**WORK REQUIRED**: Below are the records; copy exactly the stretch from the line containing "Hutong street view" through the line containing "Joli ... ebd91a27f6", both ends included, and nothing else.
*** SOURCE RECORDS Section Begins ***
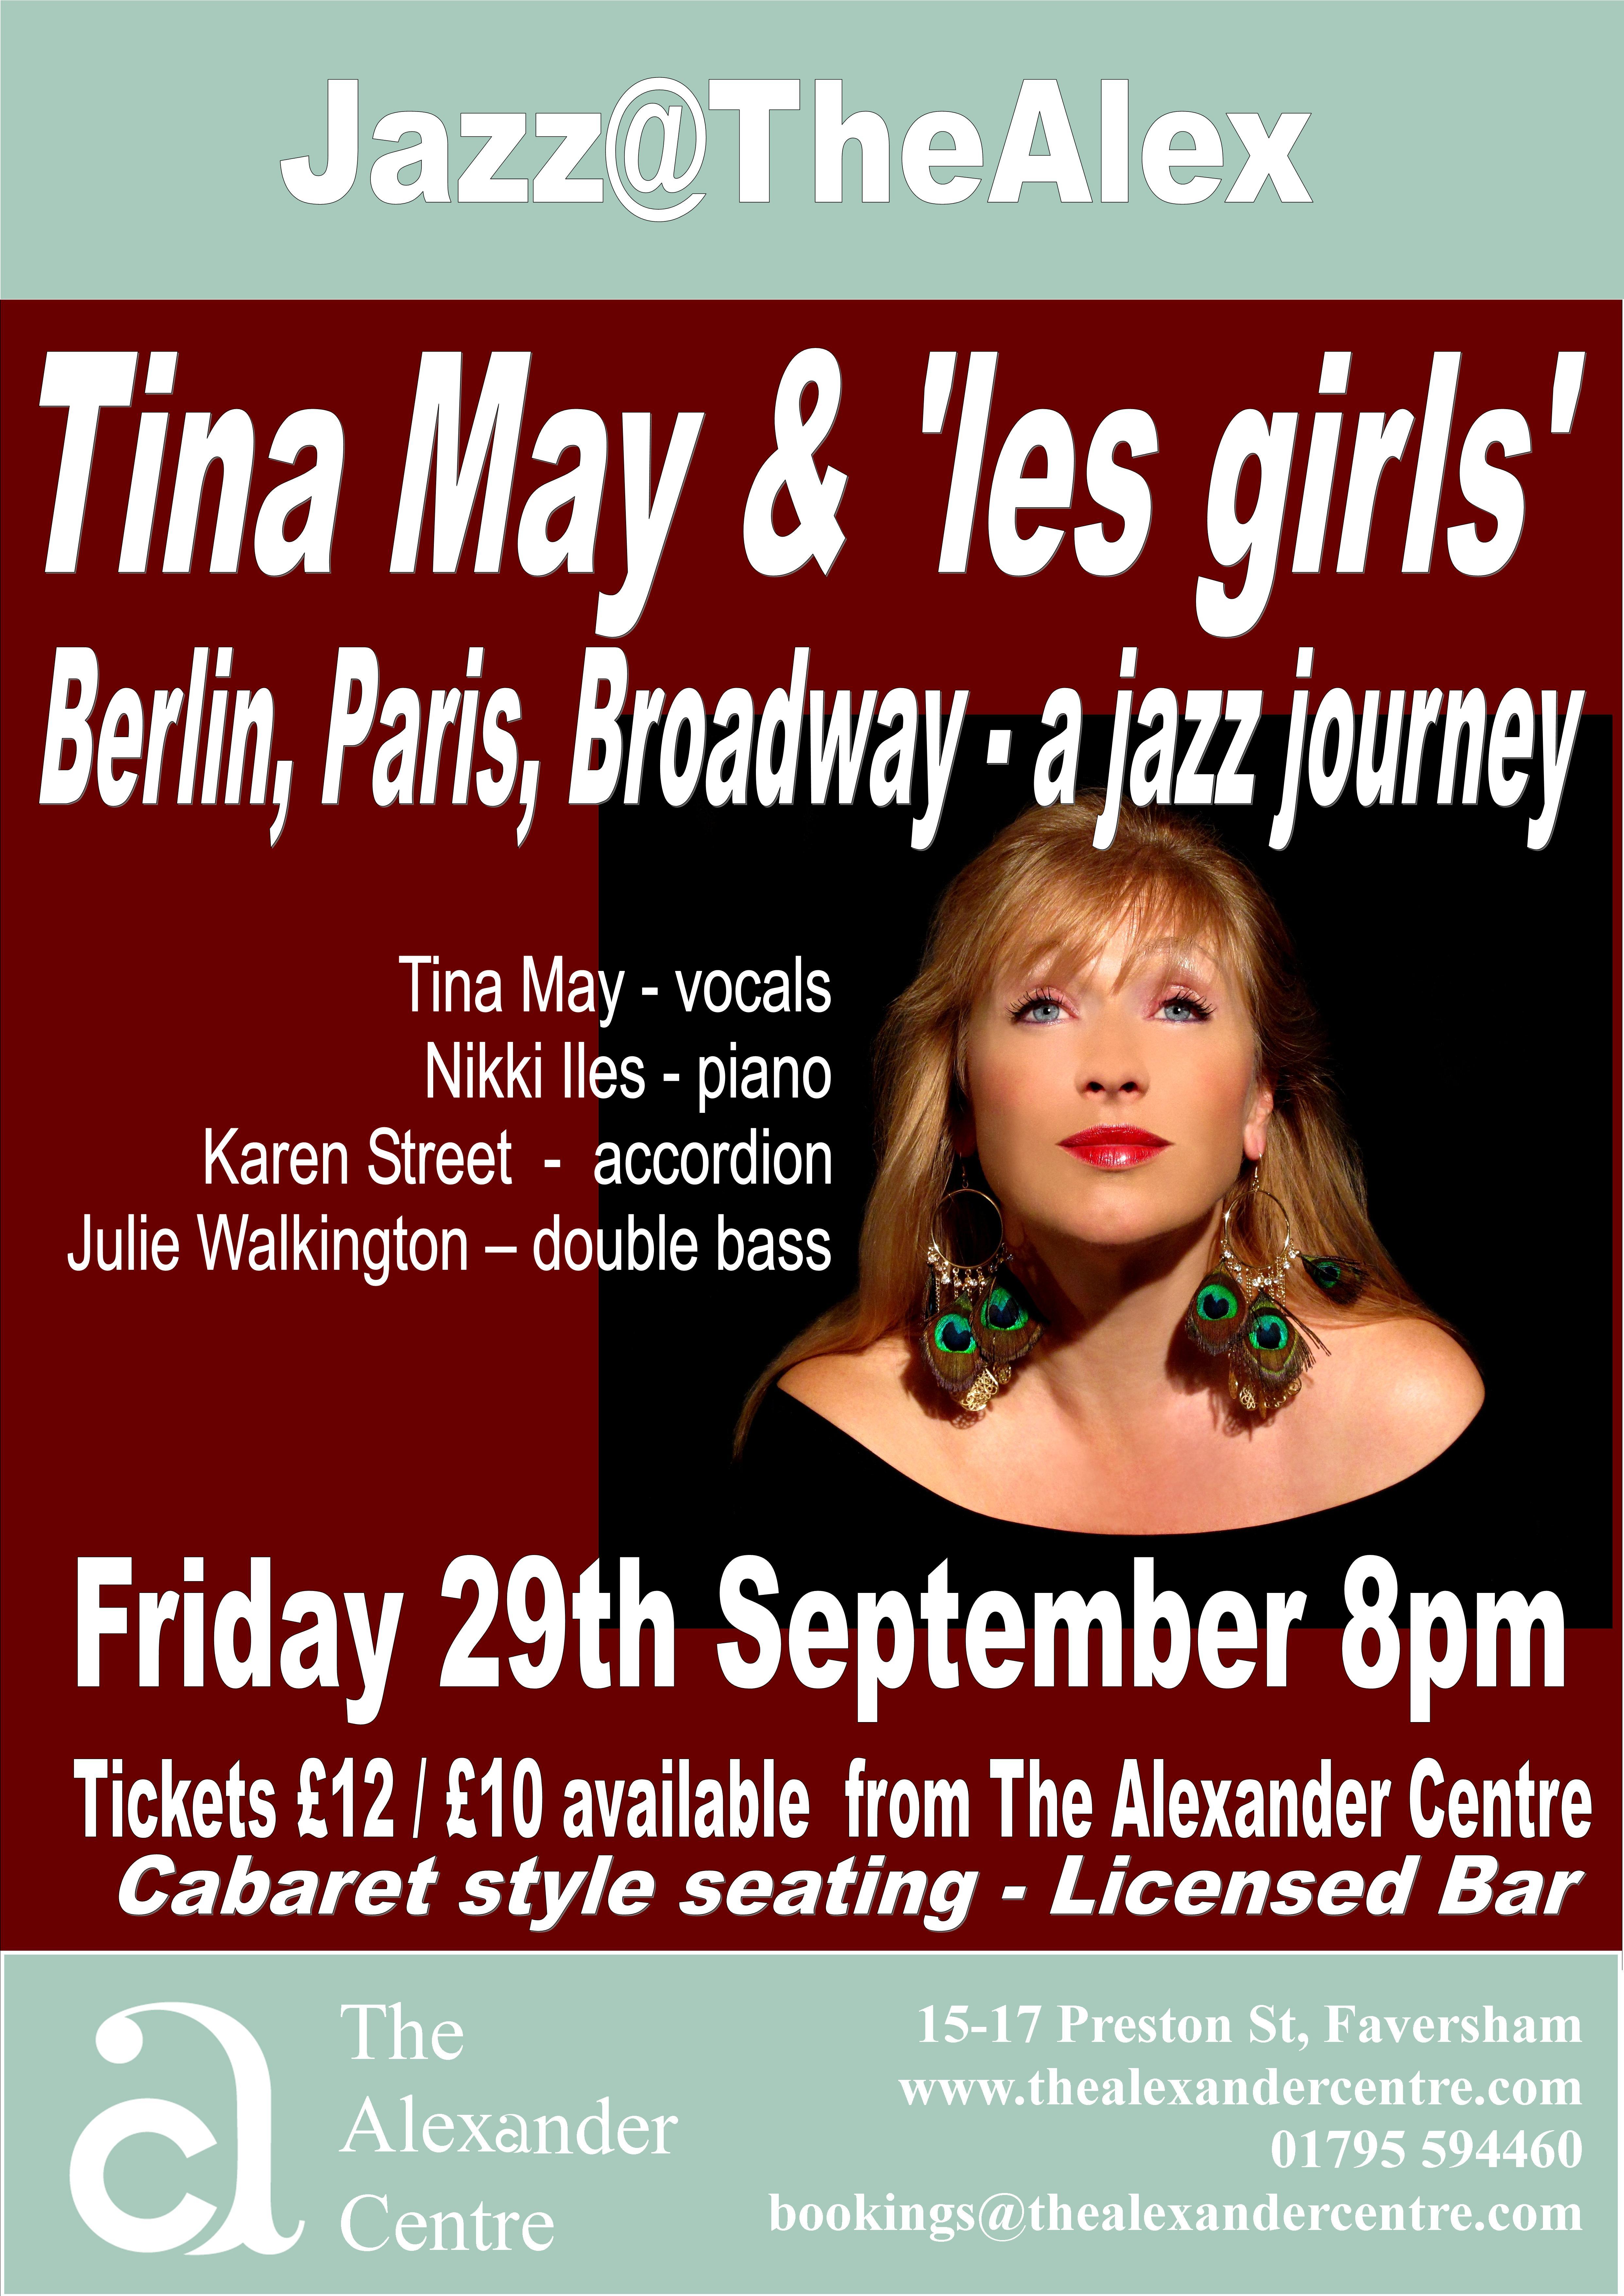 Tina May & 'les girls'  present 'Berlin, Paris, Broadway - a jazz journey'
*** SOURCE RECORDS Section Ends ***
*** SOURCE RECORDS Section Begins ***
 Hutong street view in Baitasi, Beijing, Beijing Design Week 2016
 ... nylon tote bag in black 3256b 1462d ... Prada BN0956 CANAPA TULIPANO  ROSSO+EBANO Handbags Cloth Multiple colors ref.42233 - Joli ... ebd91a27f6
*** SOURCE RECORDS Section Ends ***
*** SOURCE RECORDS Section Begins ***
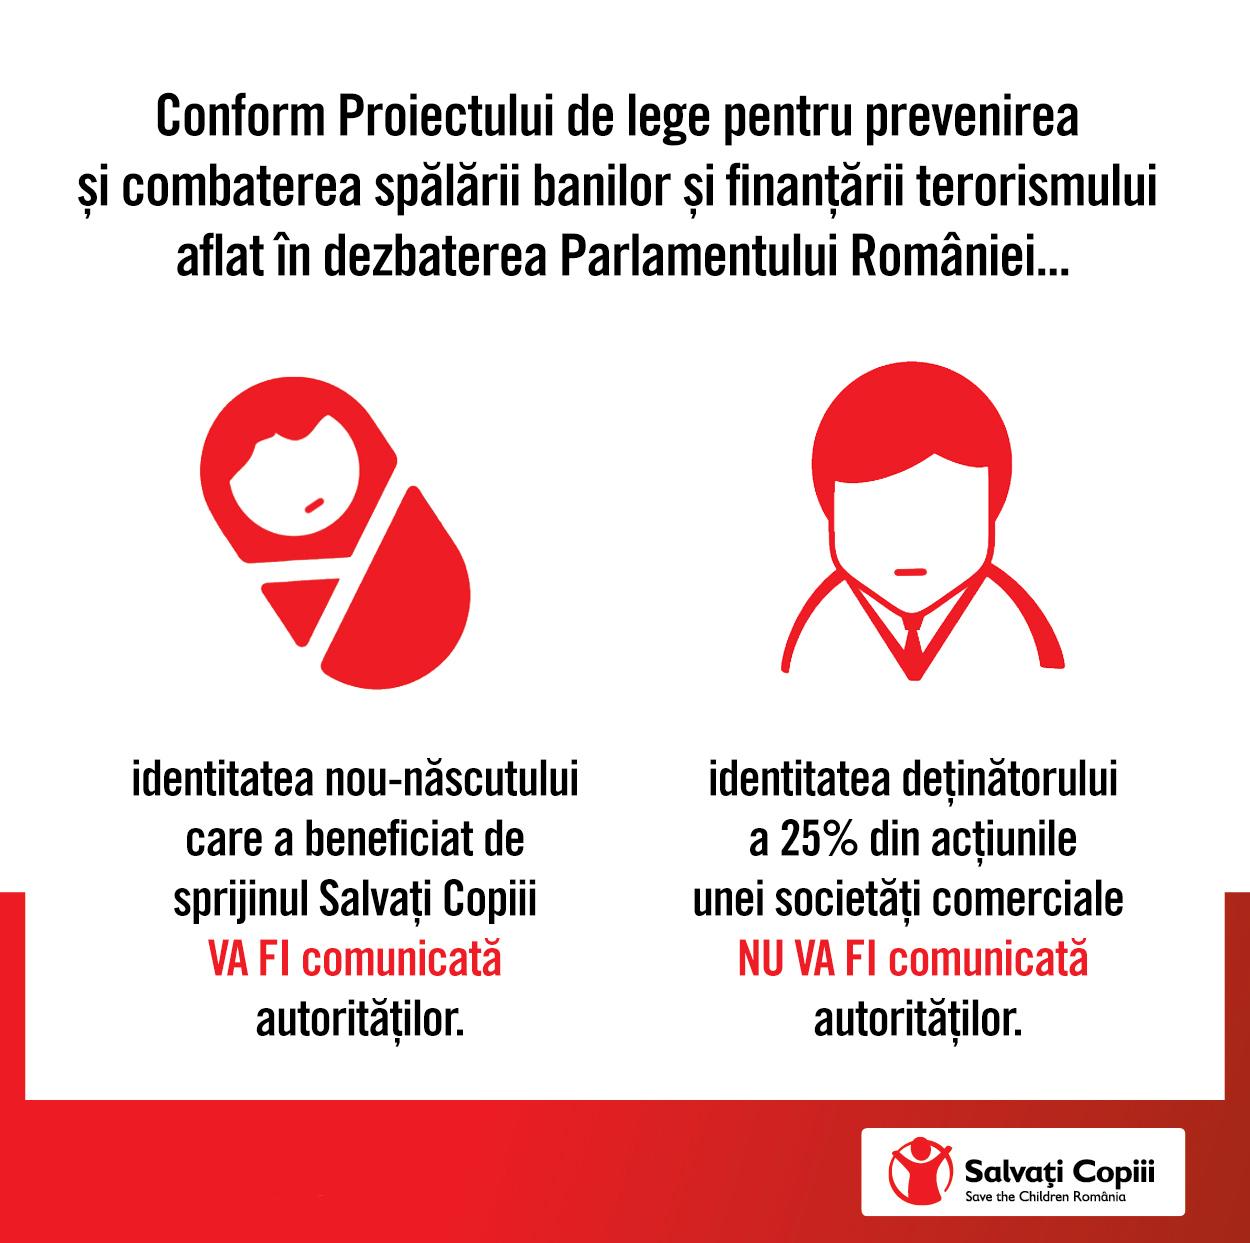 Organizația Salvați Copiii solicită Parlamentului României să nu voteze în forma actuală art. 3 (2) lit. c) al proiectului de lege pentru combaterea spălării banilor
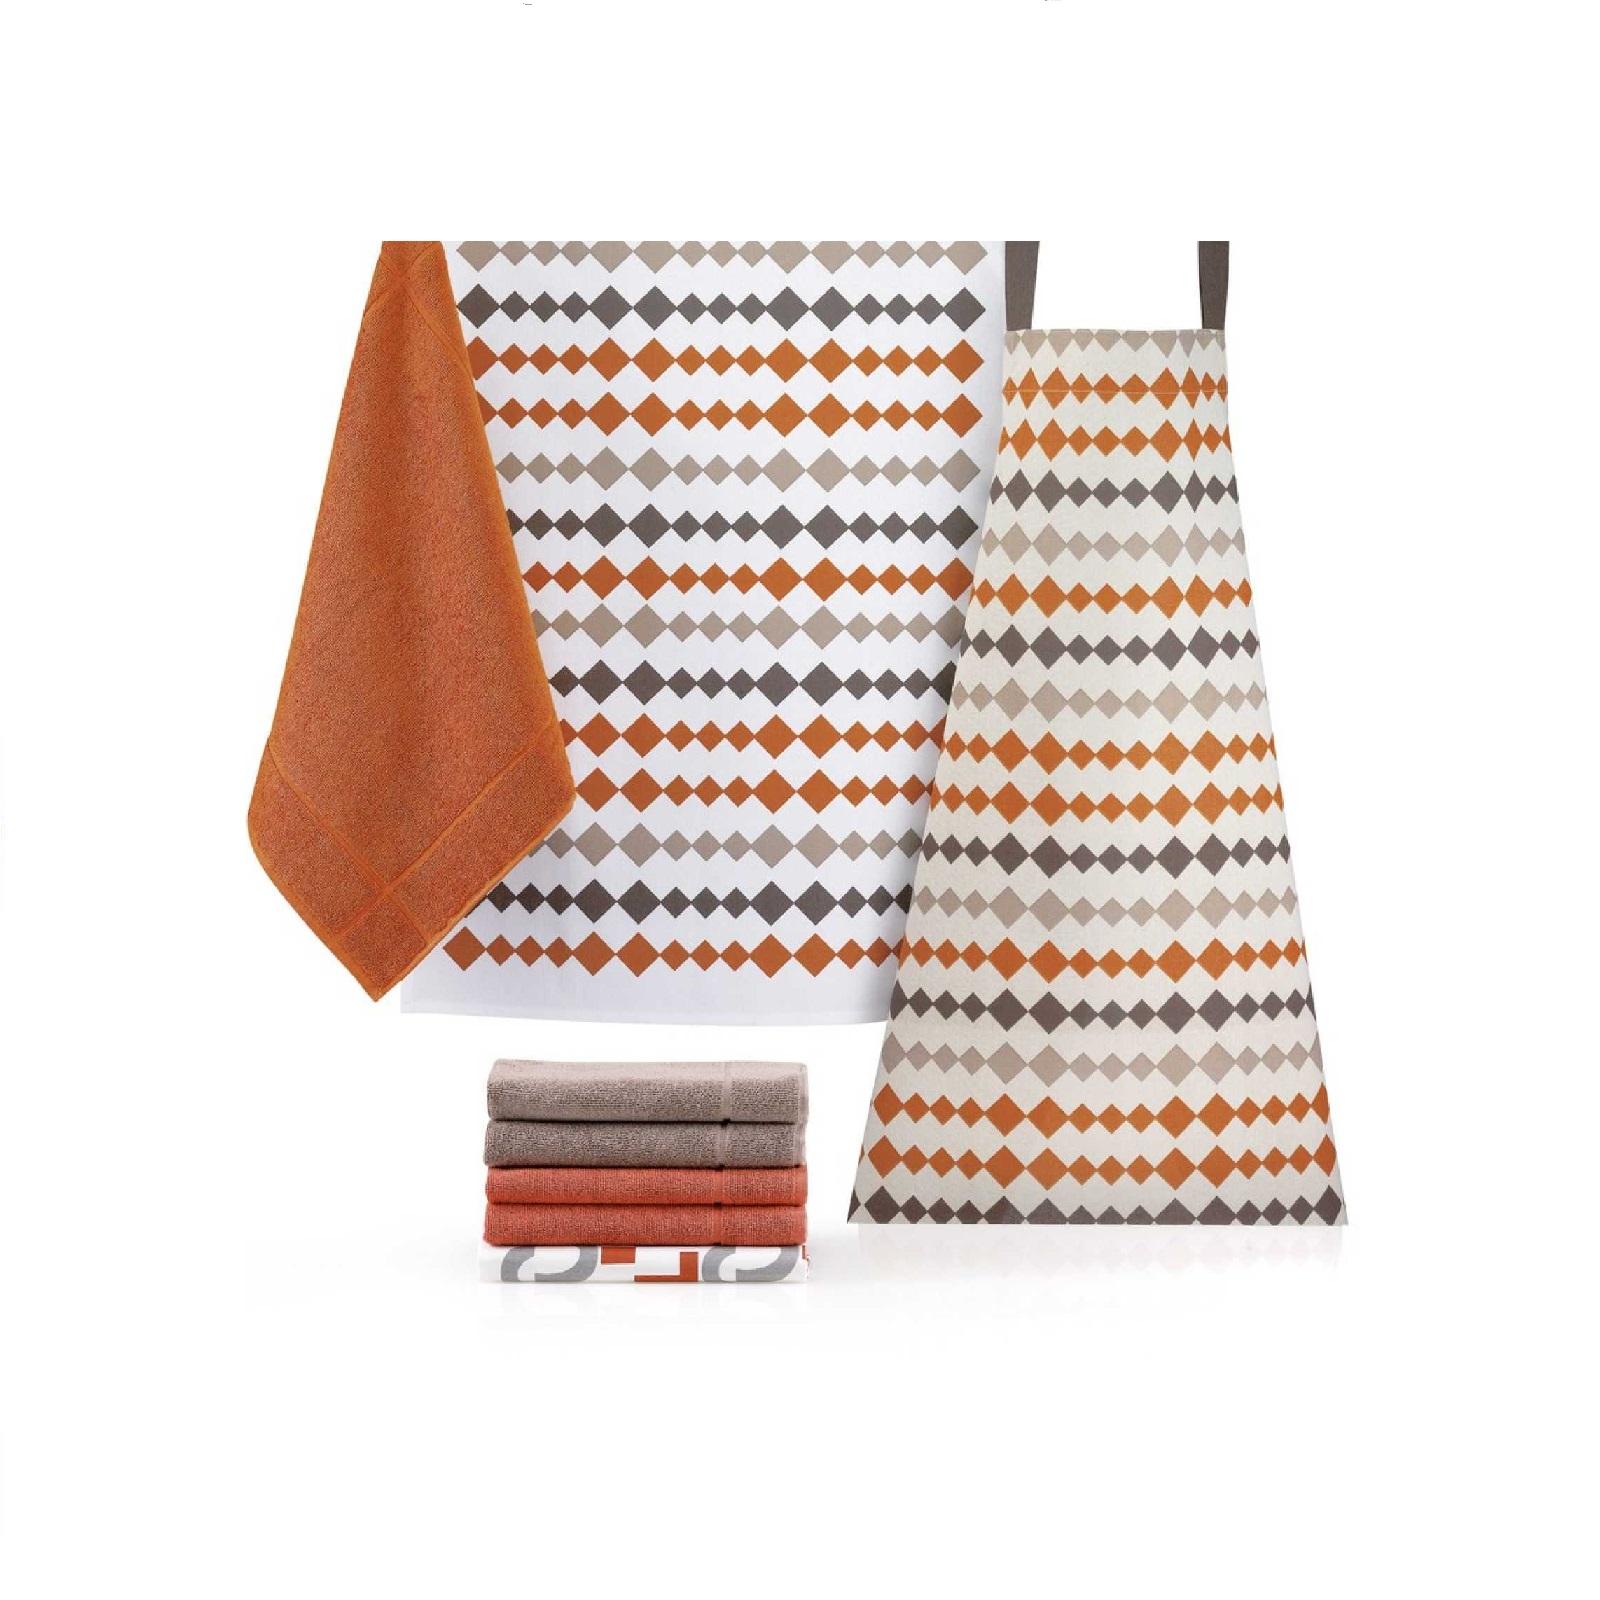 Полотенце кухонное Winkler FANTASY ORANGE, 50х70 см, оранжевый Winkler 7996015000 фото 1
*** SOURCE RECORDS Section Ends ***
**ANSWER TO THIS EXERCISE**:
 Hutong street view in Baitasi, Beijing, Beijing Design Week 2016
 ... nylon tote bag in black 3256b 1462d ... Prada BN0956 CANAPA TULIPANO  ROSSO+EBANO Handbags Cloth Multiple colors ref.42233 - Joli ... ebd91a27f6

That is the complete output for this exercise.